The convention of 1D simulations is that cosmic rays, starting from positive coordinates, propagate in the negative direction until the reach the observer at 0. Only the x-coordinate is used in the three-vectors that represent position and momentum.
In [3]:
# add an observer
obs = Observer()
obs.add( ObserverPoint() ) # observer at x = 0
sim.add(obs)
print obs
We want to save the propagated cosmic rays to an output file.
Plain text output is provided by the TextOutput module.
For the type of information being stored we can use one of five presets: Event1D, Event3D, Trajectory1D, Trajectory3D and Everything.
We can also fine tune with enable(XXXColumn)
and disable(XXXColumn)
In [9]:
# trajectory output
output1 = TextOutput('trajectories.txt', Output.Trajectory1D)
#sim.add(output1) # generates a lot of output
#output1.disable(Output.RedshiftColumn) # don't save the current redshift
#output1.disableAll() # disable everything to start from scratch
#output1.enable(Output.CurrentEnergyColumn) # current energy
#output1.enable(Output.CurrentIdColumn) # current particle type
# ...
If in the example above output1
is added to the module list, it is called on every propagation step to write out the cosmic ray information.
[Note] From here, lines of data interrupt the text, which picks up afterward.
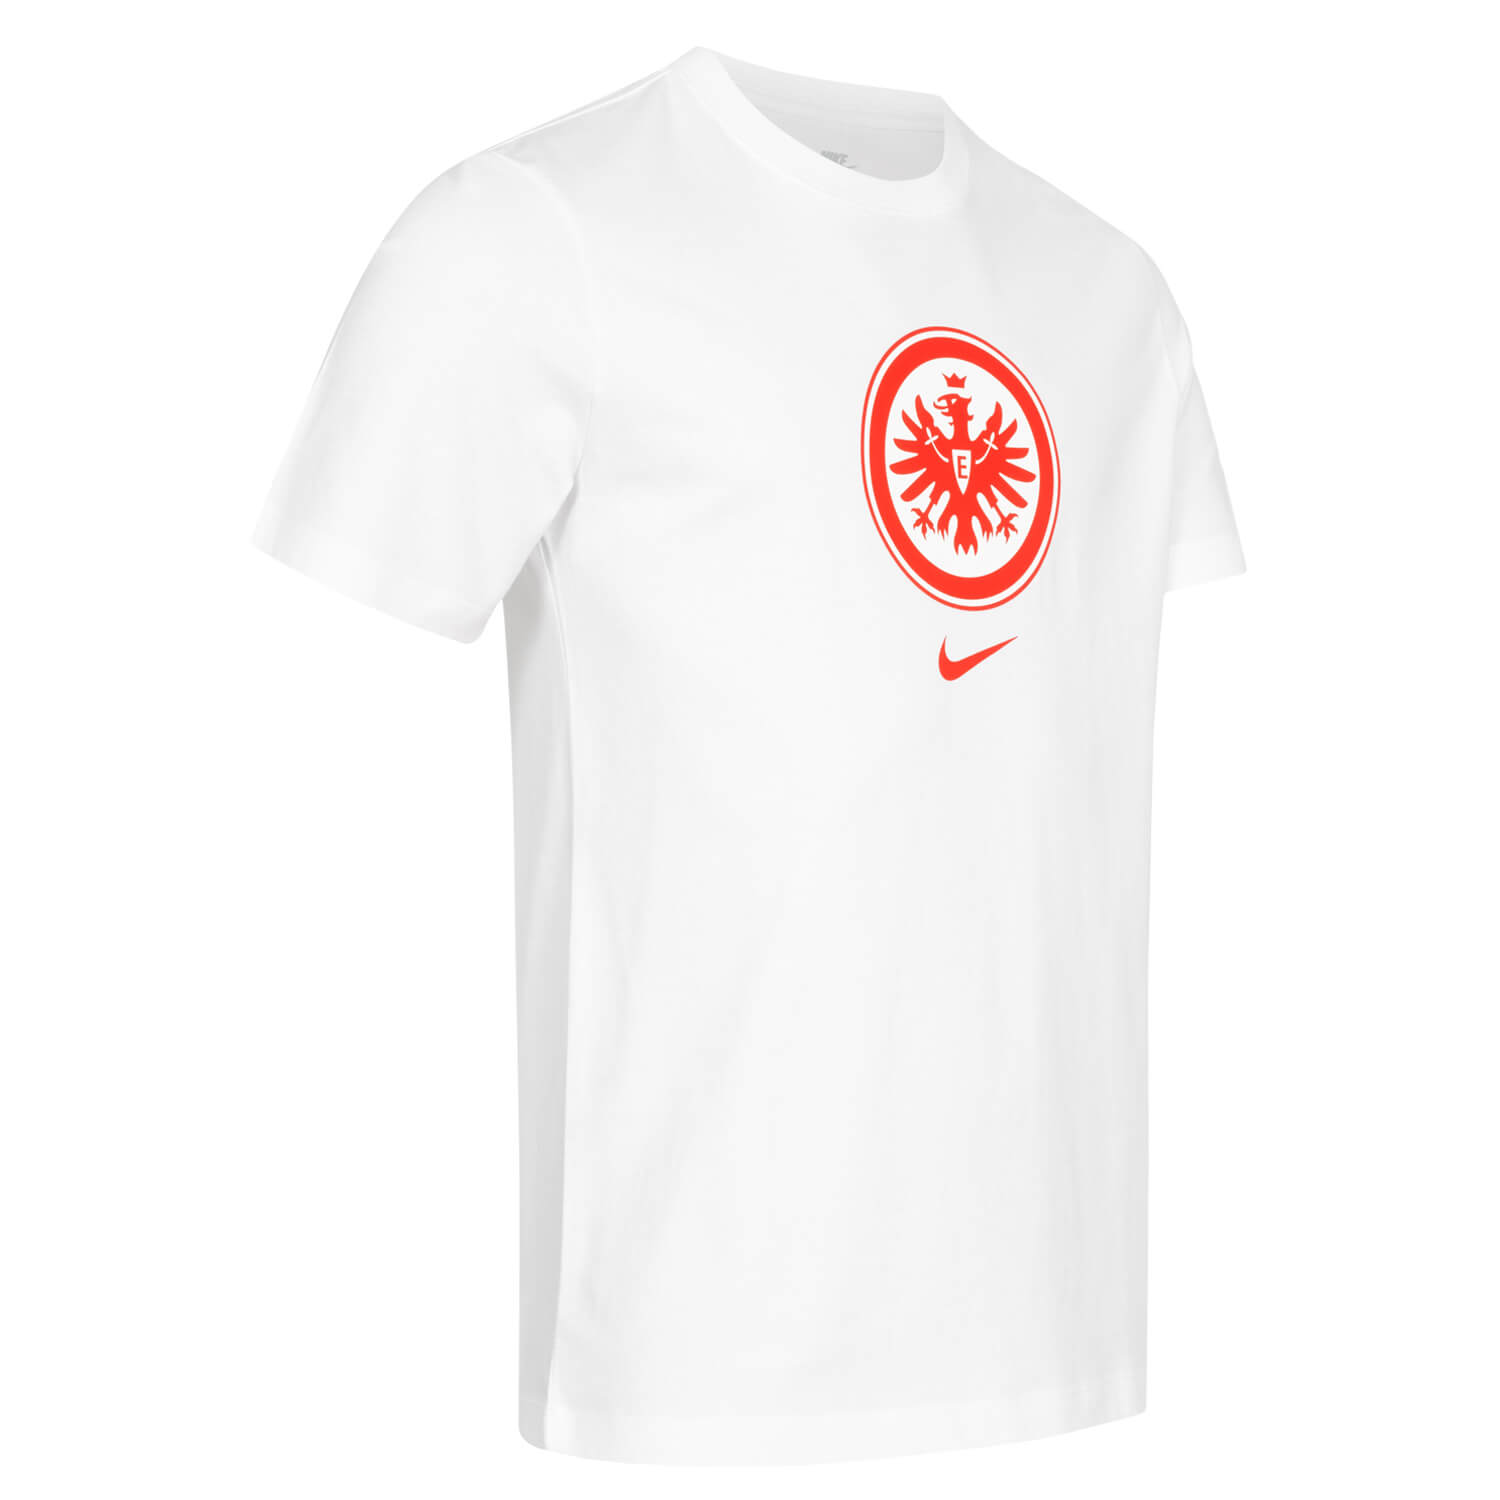 Bild 4: Nike T-Shirt 23 Weiß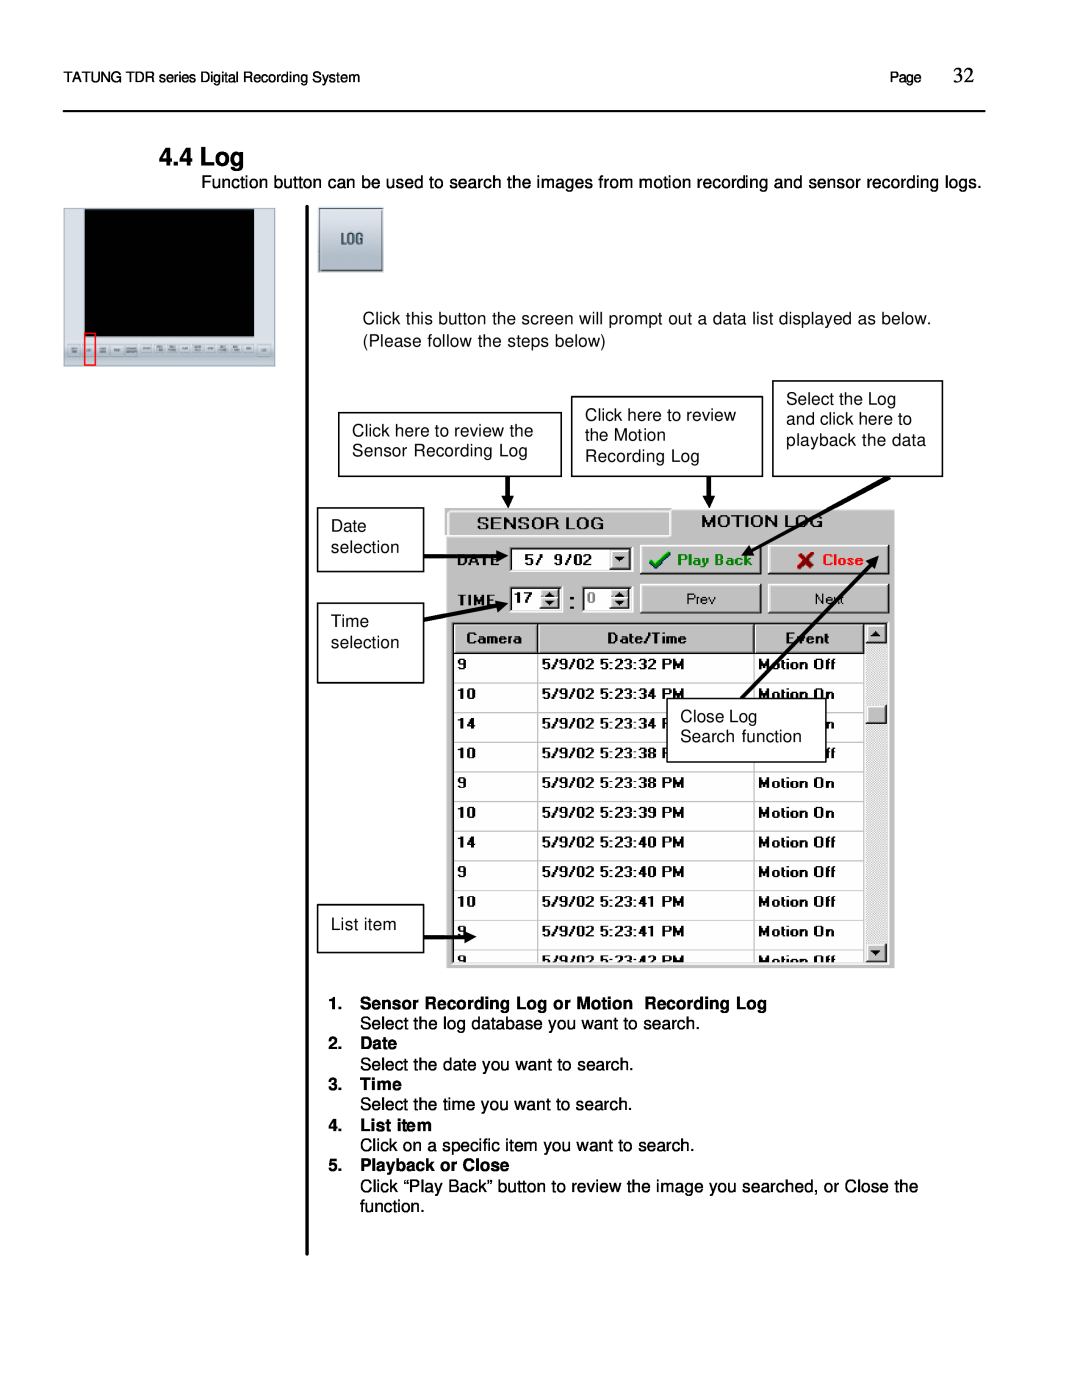 Tatung TDR-22XX operation manual 4.4 Log, Date, Time, List item, Playback or Close 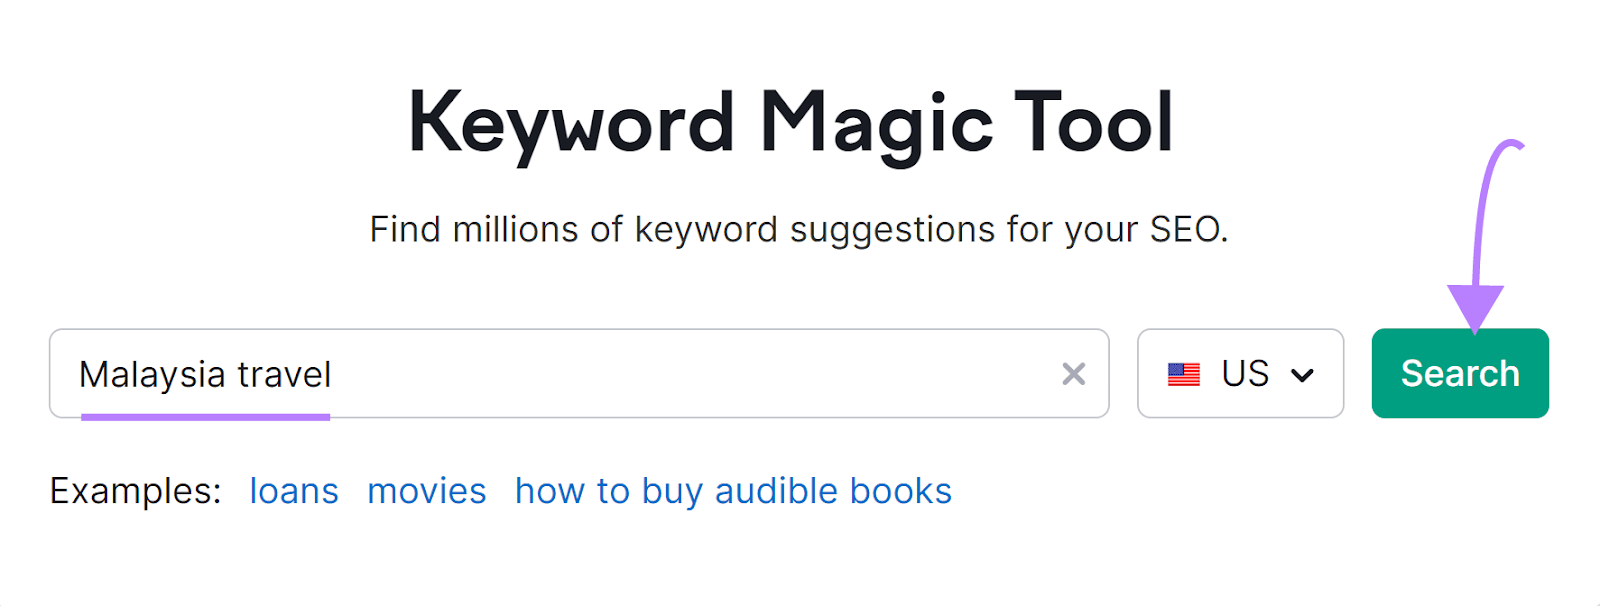 "Malaysia travel" keyword entered into the Keyword Magic Tool search bar

To only save cosmic rays that reach our observer, we add an output to the observer that we previously defined.
This time we are satisfied with the output type Event1D.
In [5]:
# event output
output2 = TextOutput('events.txt', Output.Event1D)
obs.onDetection(output2)
#sim.run(cosmicray)
#output2.close()
Similary, the output could be linked to the MinimumEnergy
module to save those cosmic rays that fall below the minimum energy, and so on.
Note: If we want to use the CRPropa output file from within the same script that runs the simulation, the output module should be explicitly closed after the simulation run in order to get all events flushed to the file.
In [6]:
# cosmic ray source
source = Source()
source.add( SourcePosition(100 * Mpc) )
source.add( SourceParticleType(nucleusId(1, 1)) )
source.add( SourcePowerLawSpectrum(1 * EeV, 200 * EeV, -1) )
print source
In [7]:
sim.setShowProgress(True) # switch on the progress bar
sim.run(source, 10000)
In [8]:
%matplotlib inline
import matplotlib.pyplot as plt
import numpy as np
output2.close() # close output file before loading
data = np.genfromtxt('events.txt', names=True)
print 'Number of events', len(data)
logE0 = np.log10(data['E0']) + 18
logE = np.log10(data['E']) + 18
plt.figure(figsize=(10, 7))
h1 = plt.hist(logE0, bins=25, range=(18, 20.5), histtype='stepfilled', alpha=0.5, label='At source')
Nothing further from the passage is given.